**Exercise data**
· · · · ·

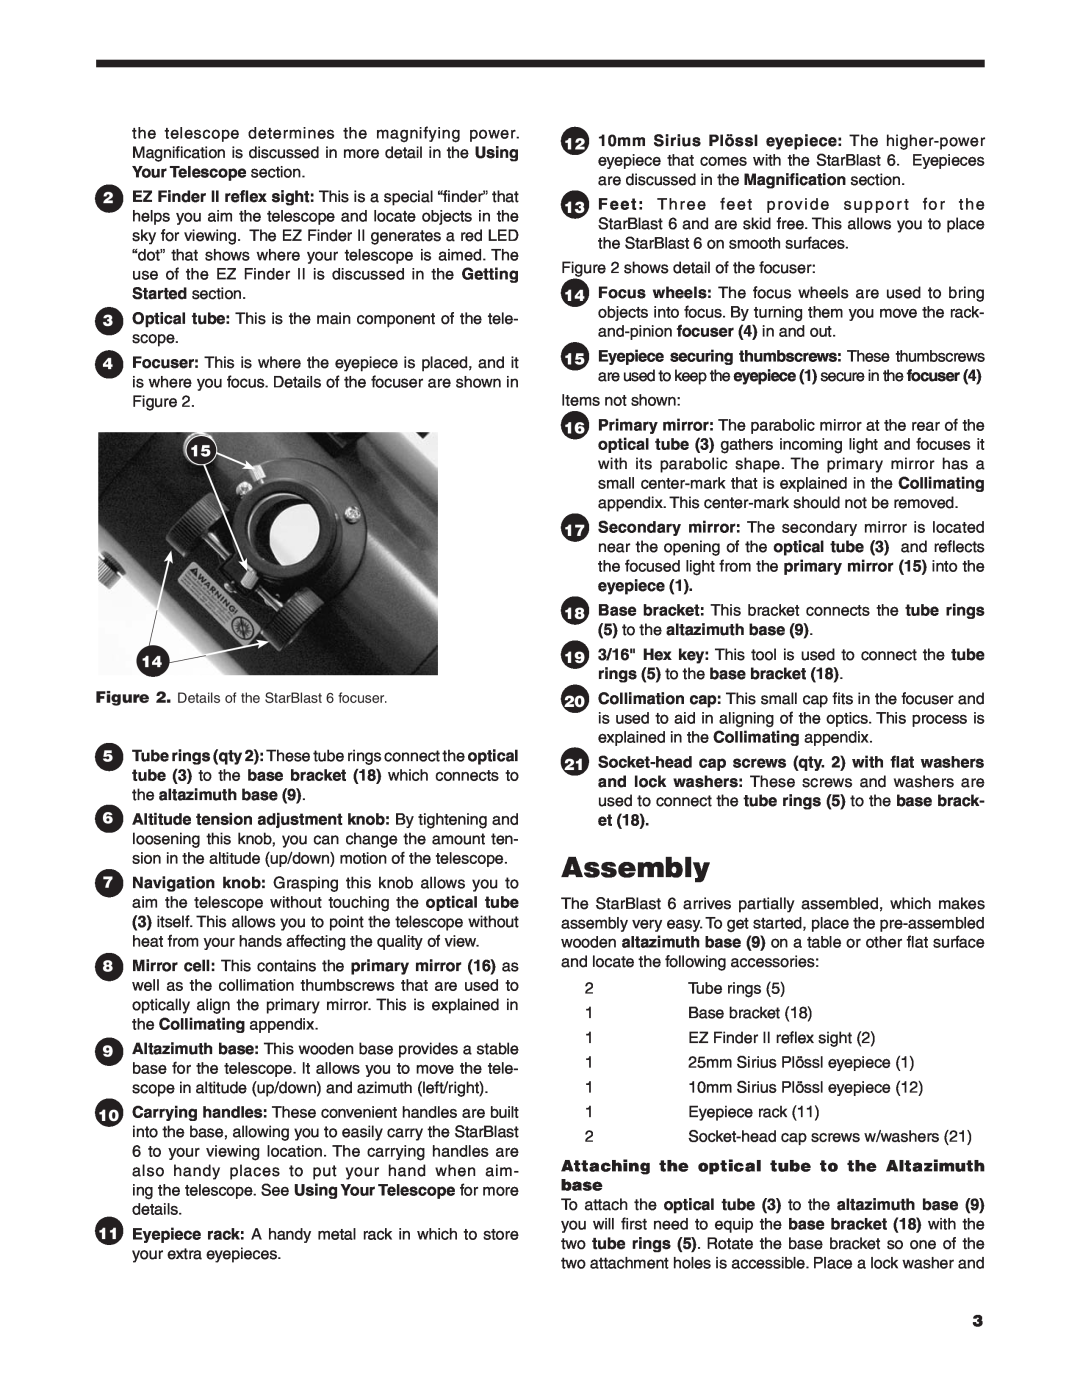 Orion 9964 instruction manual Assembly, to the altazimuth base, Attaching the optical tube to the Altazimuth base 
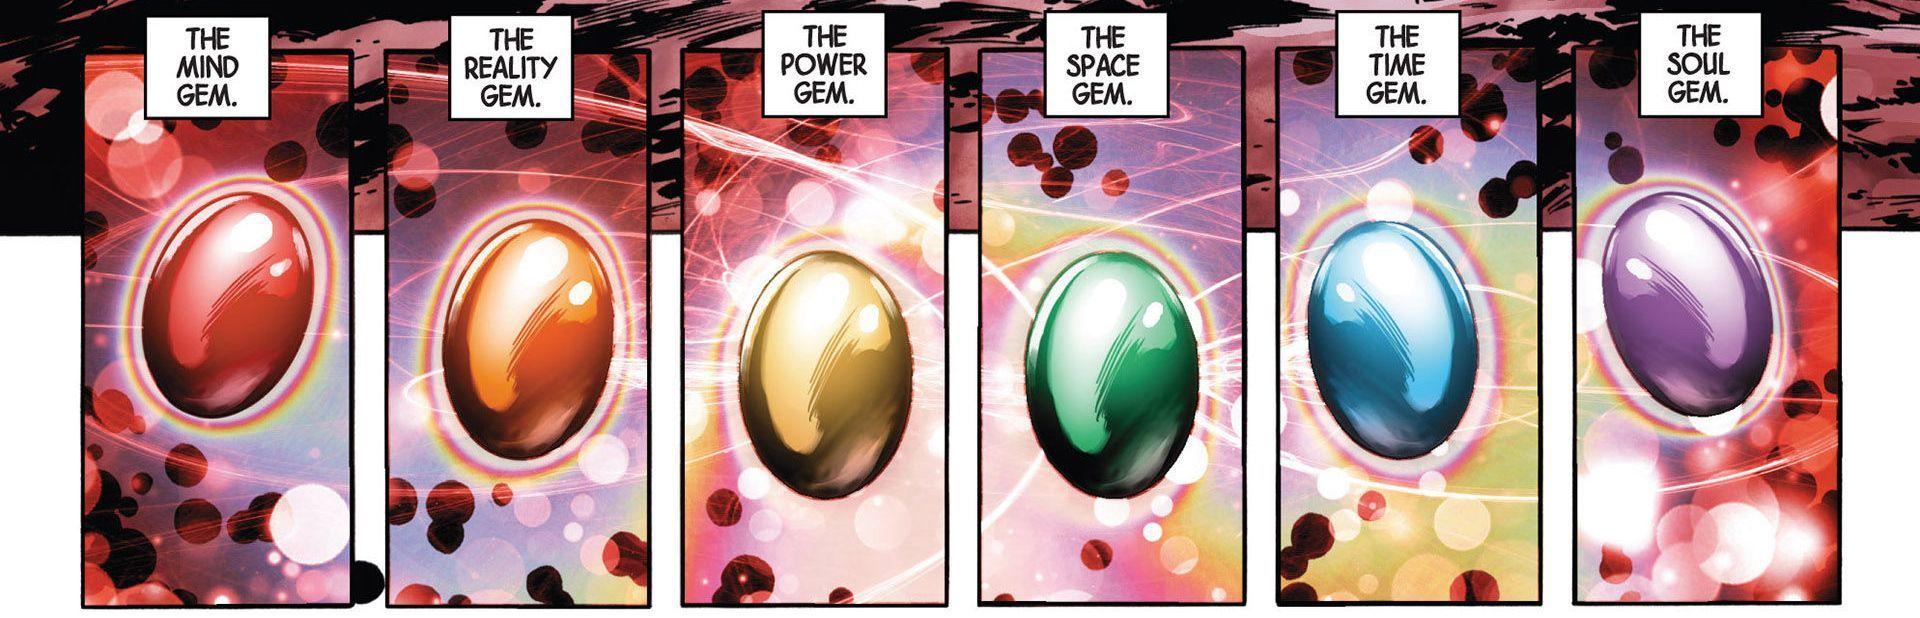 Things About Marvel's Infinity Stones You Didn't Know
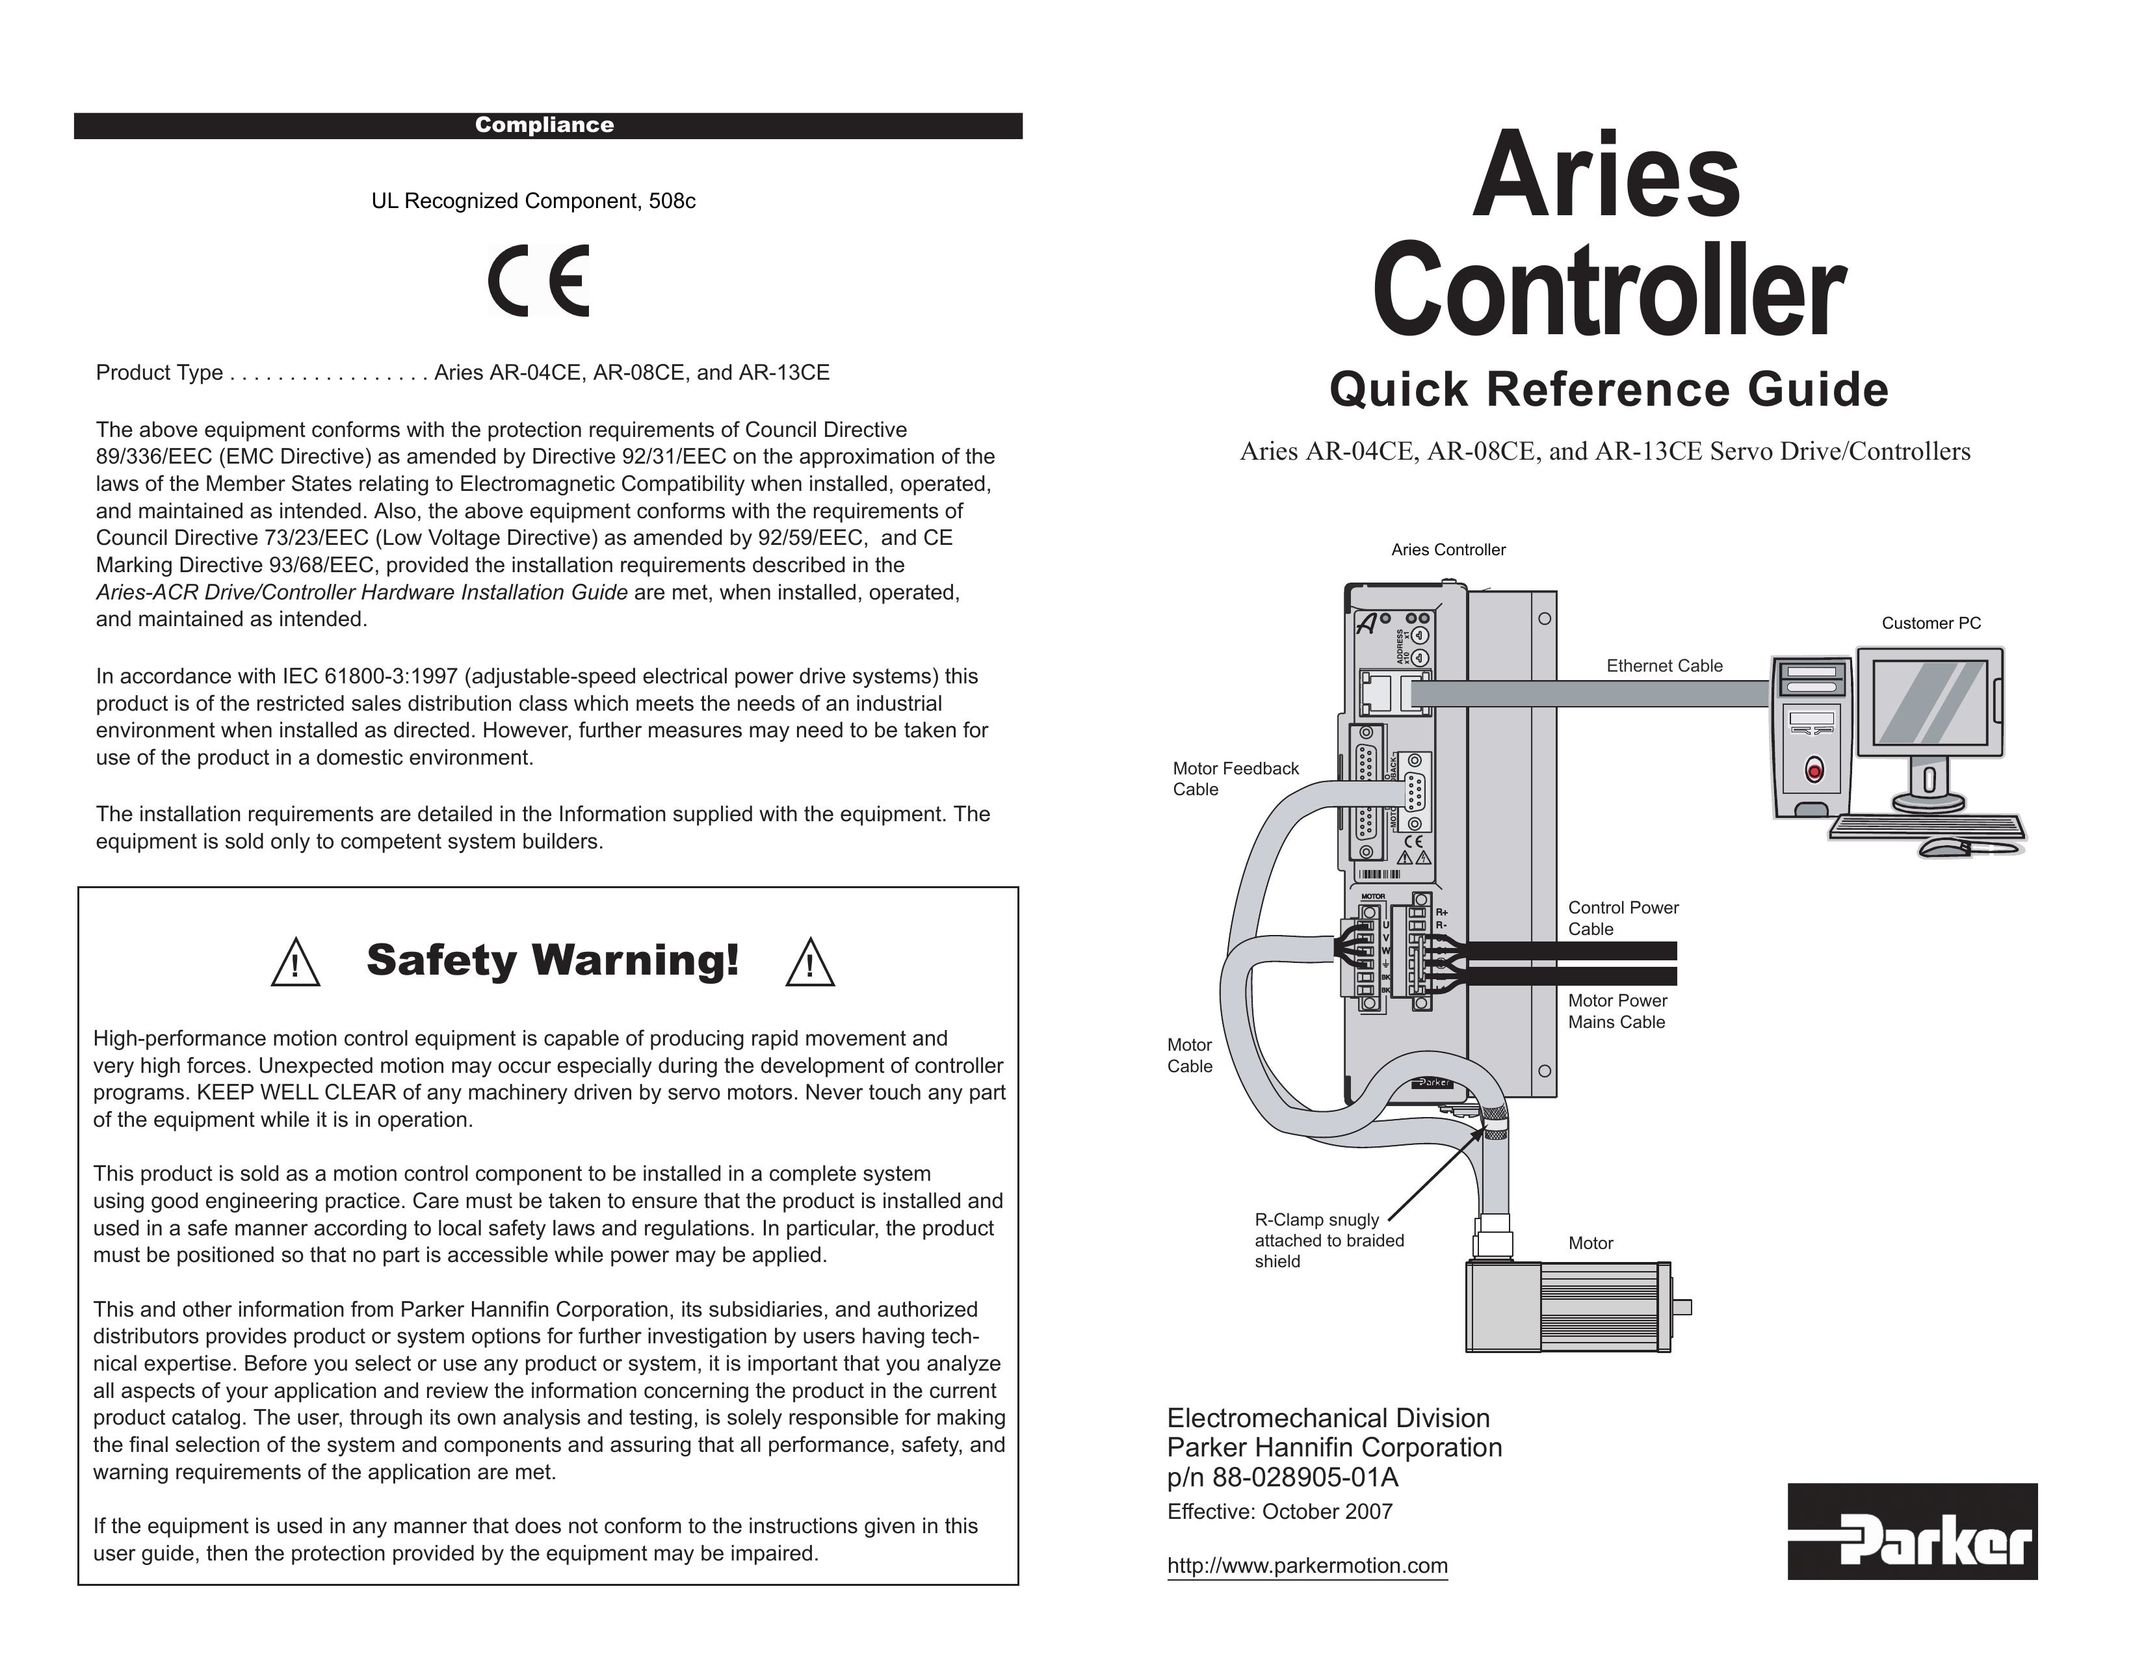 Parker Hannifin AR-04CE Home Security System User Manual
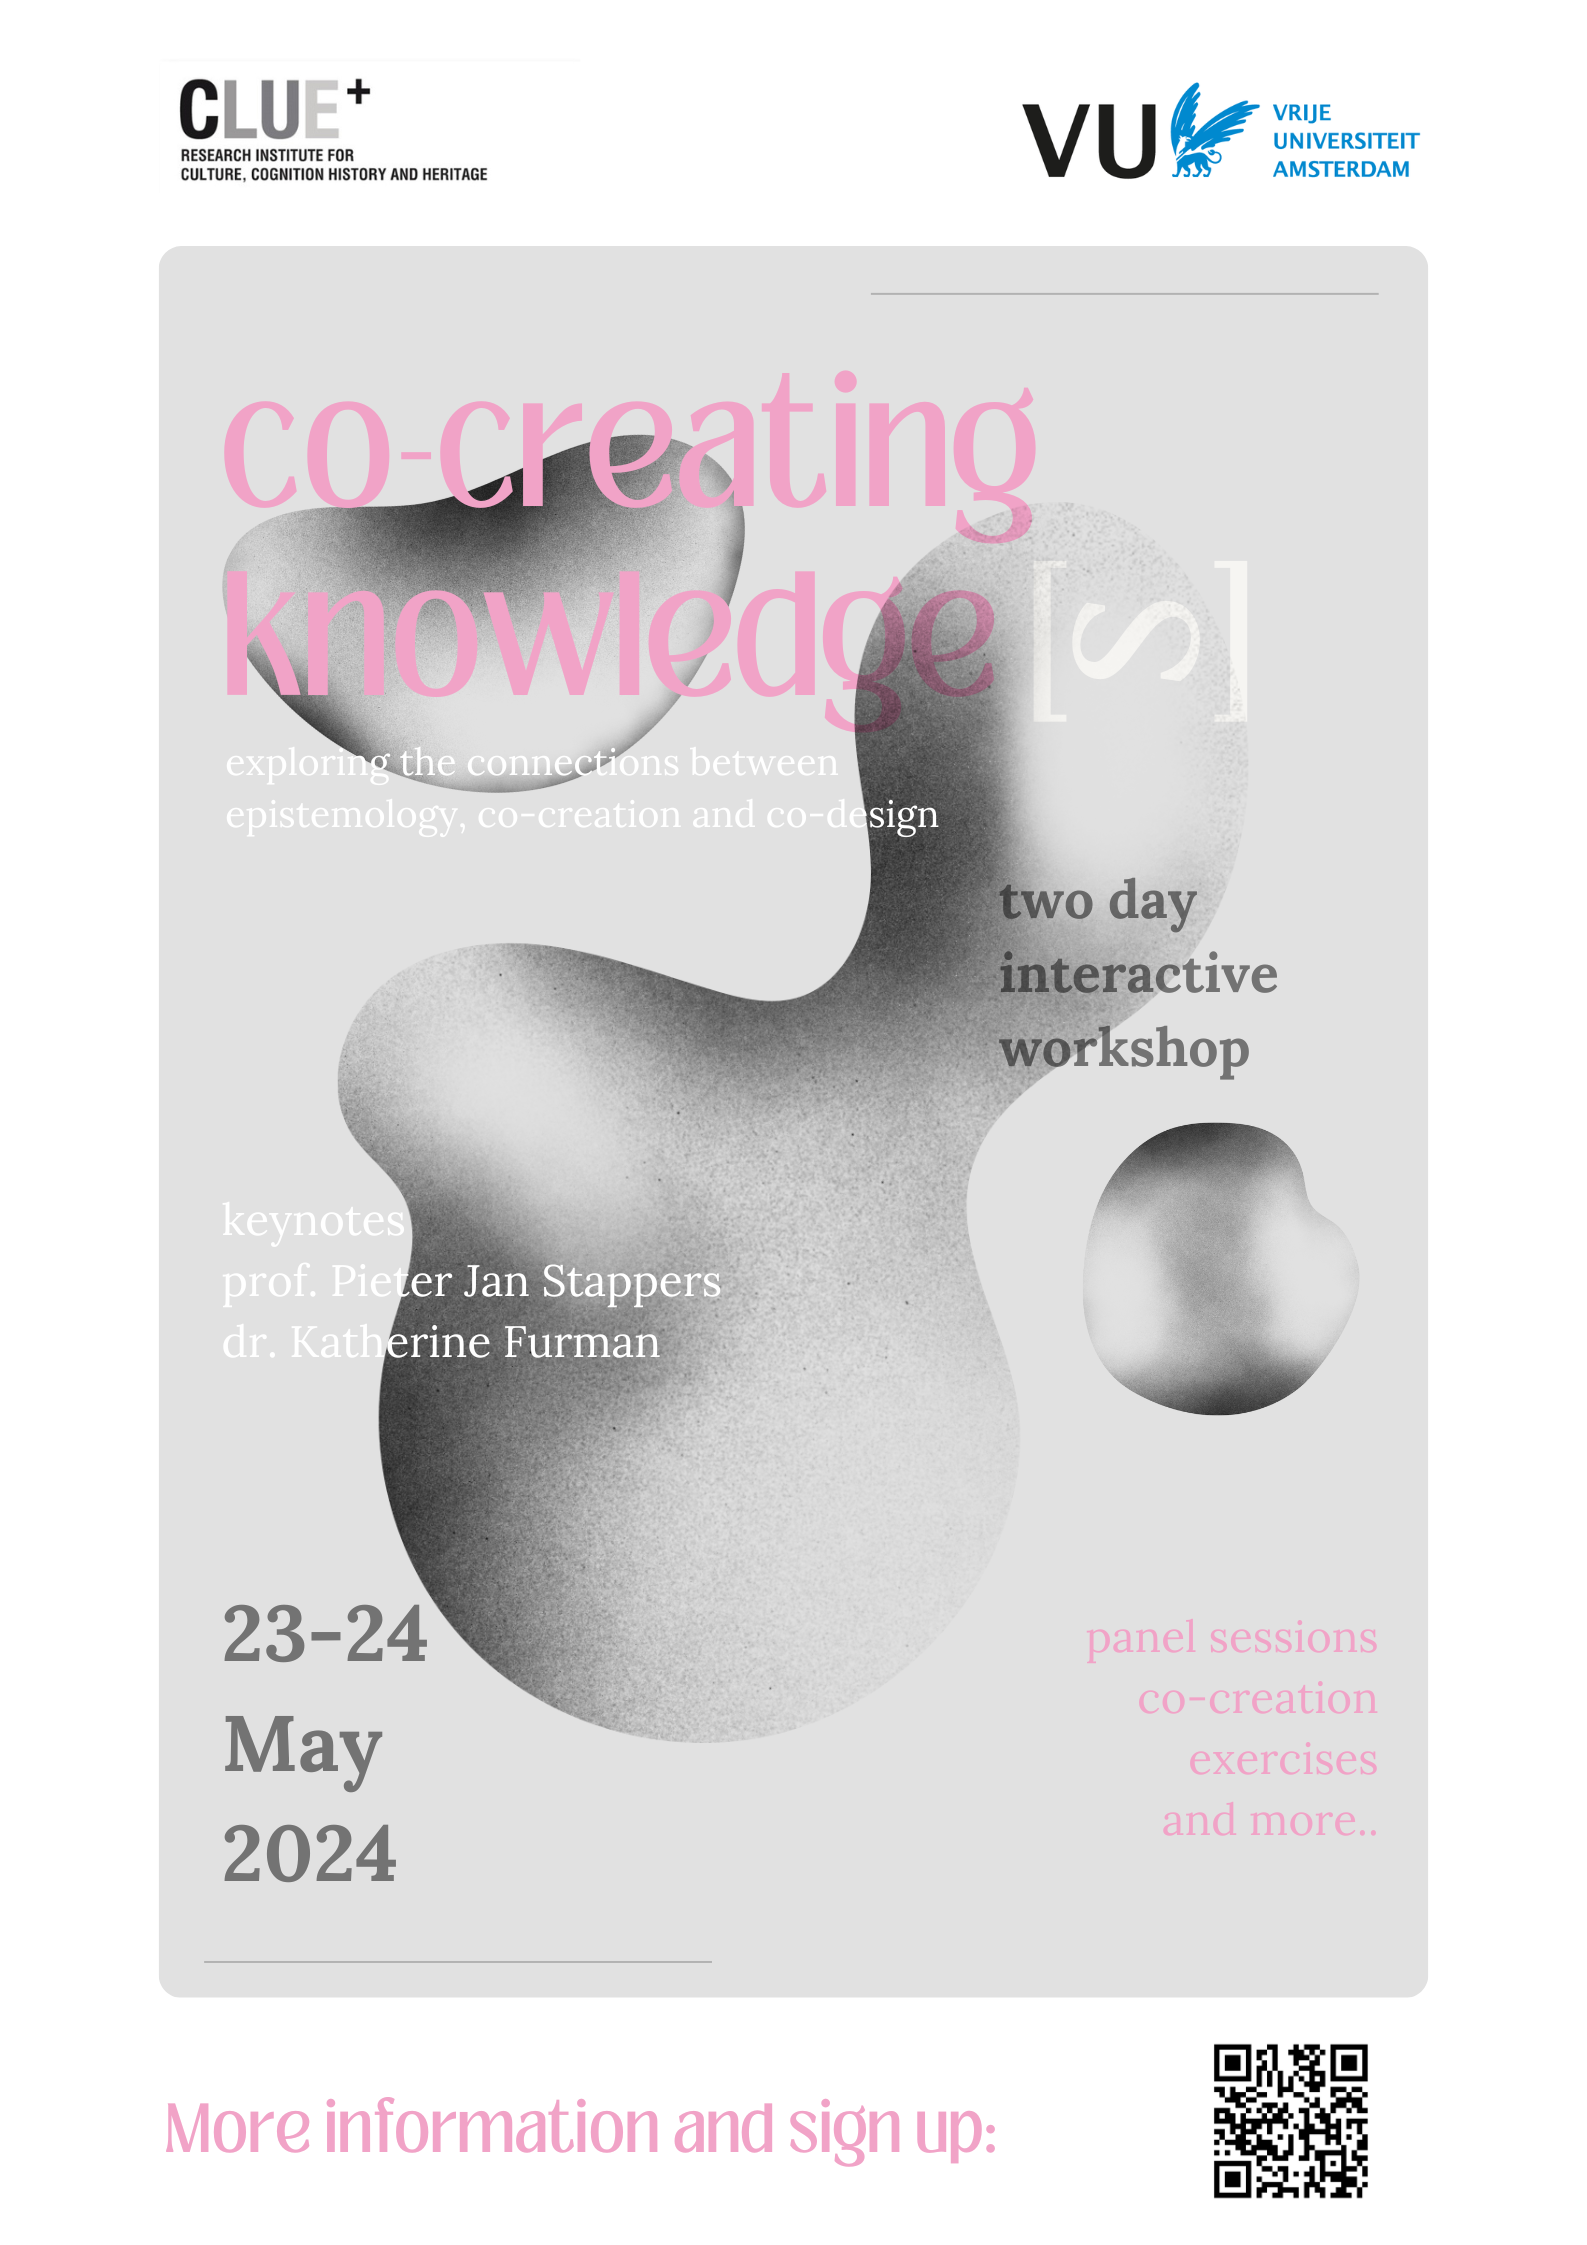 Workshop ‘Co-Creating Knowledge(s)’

· · · · ·

**Your assignment**
Word for word, restate the whole listing and drop the images.

**Answer section**
 Orion 9964 instruction manual Assembly, to the altazimuth base, Attaching the optical tube to the Altazimuth base 
 Things About Marvel's Infinity Stones You Didn't Know
 Parker Hannifin AR-04CE Home Security System User Manual
 Workshop ‘Co-Creating Knowledge(s)’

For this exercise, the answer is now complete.